Contributors to this research from the Gillings School were Rhyan Vereen, Ph.D., MPH, former postdoctoral trainee, and Nabarun Dasgupta, Ph.D., MPH, a Gillings Innovation Fellow and doctoral alum in epidemiology.

Lazard’s earlier research showed that seeing anti‑vaping content on social media can reduce vaping knowledge and beliefs. The study identified messages that participants said discouraged them from vaping. But to counter pro-vaping content, finding messages that teens and young adults choose to share is key. The latest study, now published in The Journal of Adolescent Health, examined which anti-vaping posts are most likely to be shared. To do this, Lazard’s team drew on clikbrite, a simulated social media platform created by co-author Dominic DiFranzo, Ph.D., of Lehigh University. Clikbrite allows researchers to record user interactions that would be impossible on traditional social media.

“Experiments conducted on social media are often difficult due to proprietary algorithms and display constraints, privacy violations and a lack of reproducibility across research teams,” Lazard said. “We frame clikbrite to participants as a beta platform.
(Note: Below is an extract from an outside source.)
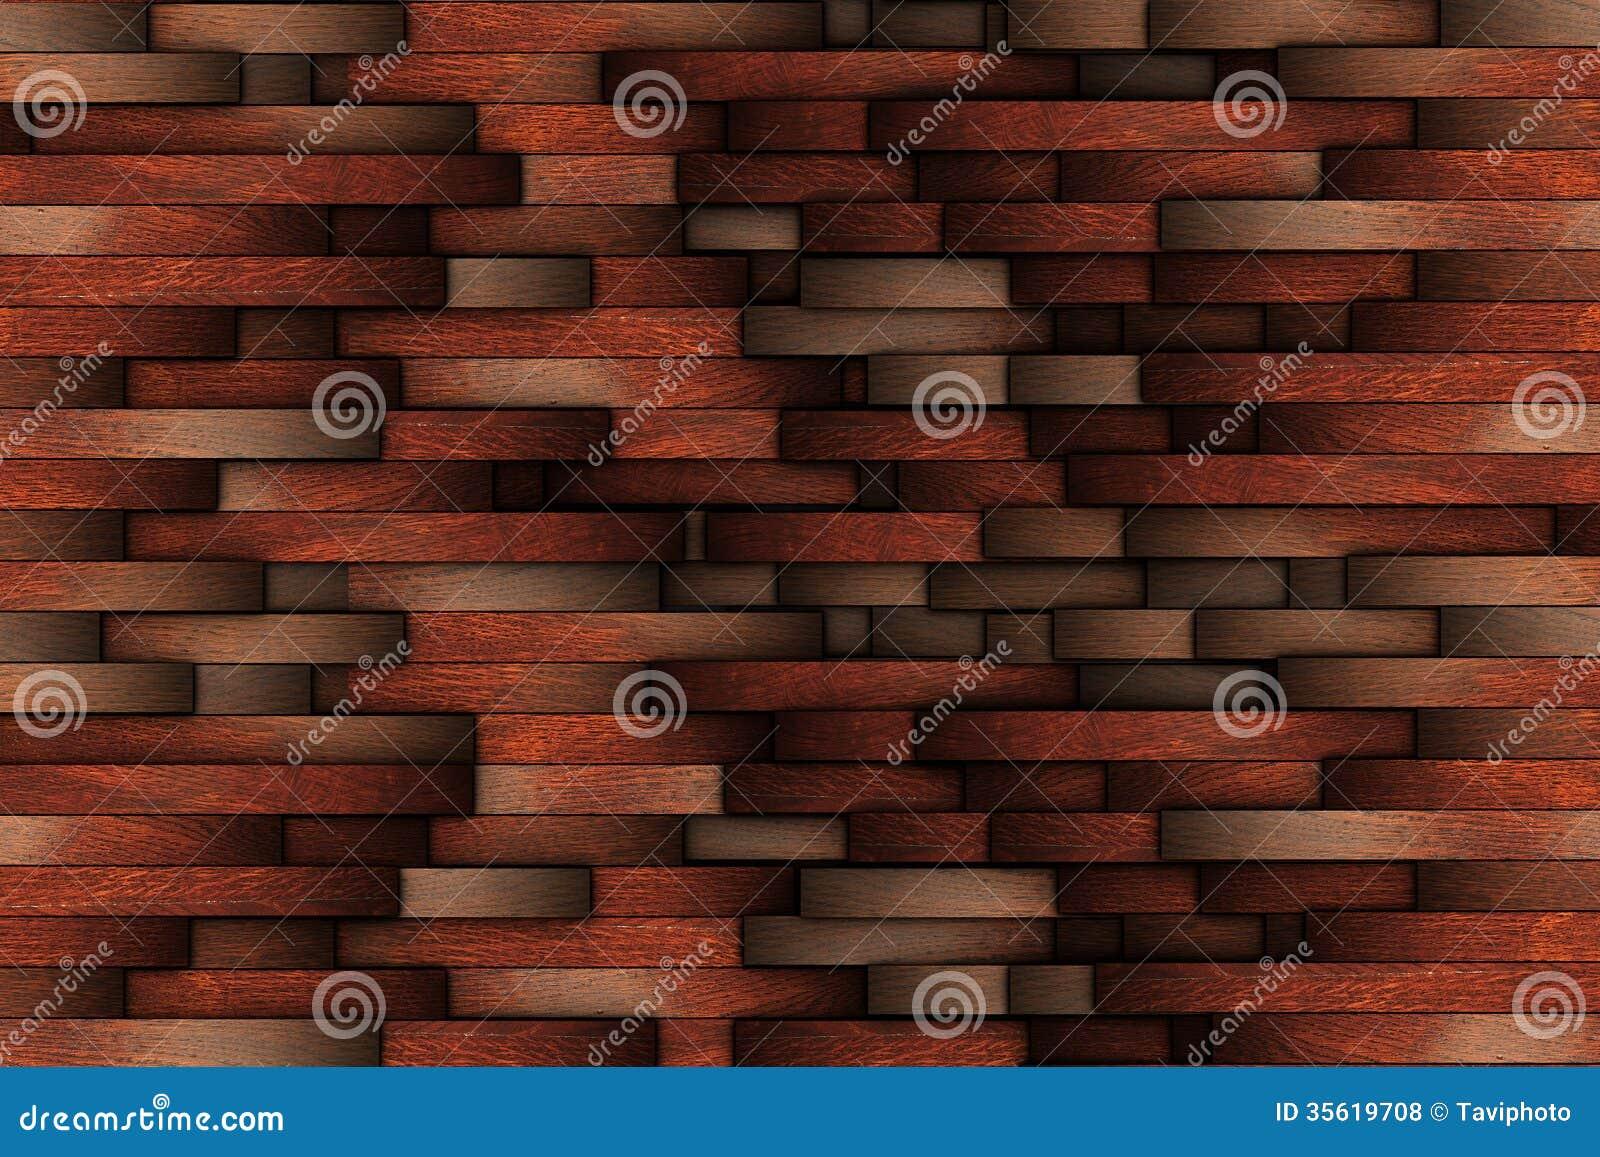 Mahogany Abstract Wooden Wall Design Royalty Free Stock

They go in knowing that they won’t know anyone on the platform. It’s a test of the content in a controlled environment that also protects participants’ privacy.”

The researchers added visuals to the anti-vaping messages that could easily be shared on social media. They showed participants three different types of messages. The first type emphasized the health harms of vaping. The second featured health harms and a social impact, such as emphasizing a student might be unable to play sports. The third was neutral statements about vapes, such as “Leaving a vape in a hot car may damage it.”

anti-vaping social media messages
Examples of anti-vaping social media messages shown to participants.

The most likely posts to be shared are about the health harms of vaping.

“Young adults want the facts and they want them plainly stated. That’s what discourages them from vaping and makes them want to tell others about it,” added Lazard. “We also found that if we talk about novel health harms, that can be more discouraging than things the participants already know.”

Although the study measured participants’ intention to share the messages, it did not measure whether their vape usage decreased in the long term. Future research could examine whether sharing anti-vaping messages reduces social influences for vaping. But in the campaign to reduce vaping, there is compelling evidence that the best thing you can do is share health harms that people might not know.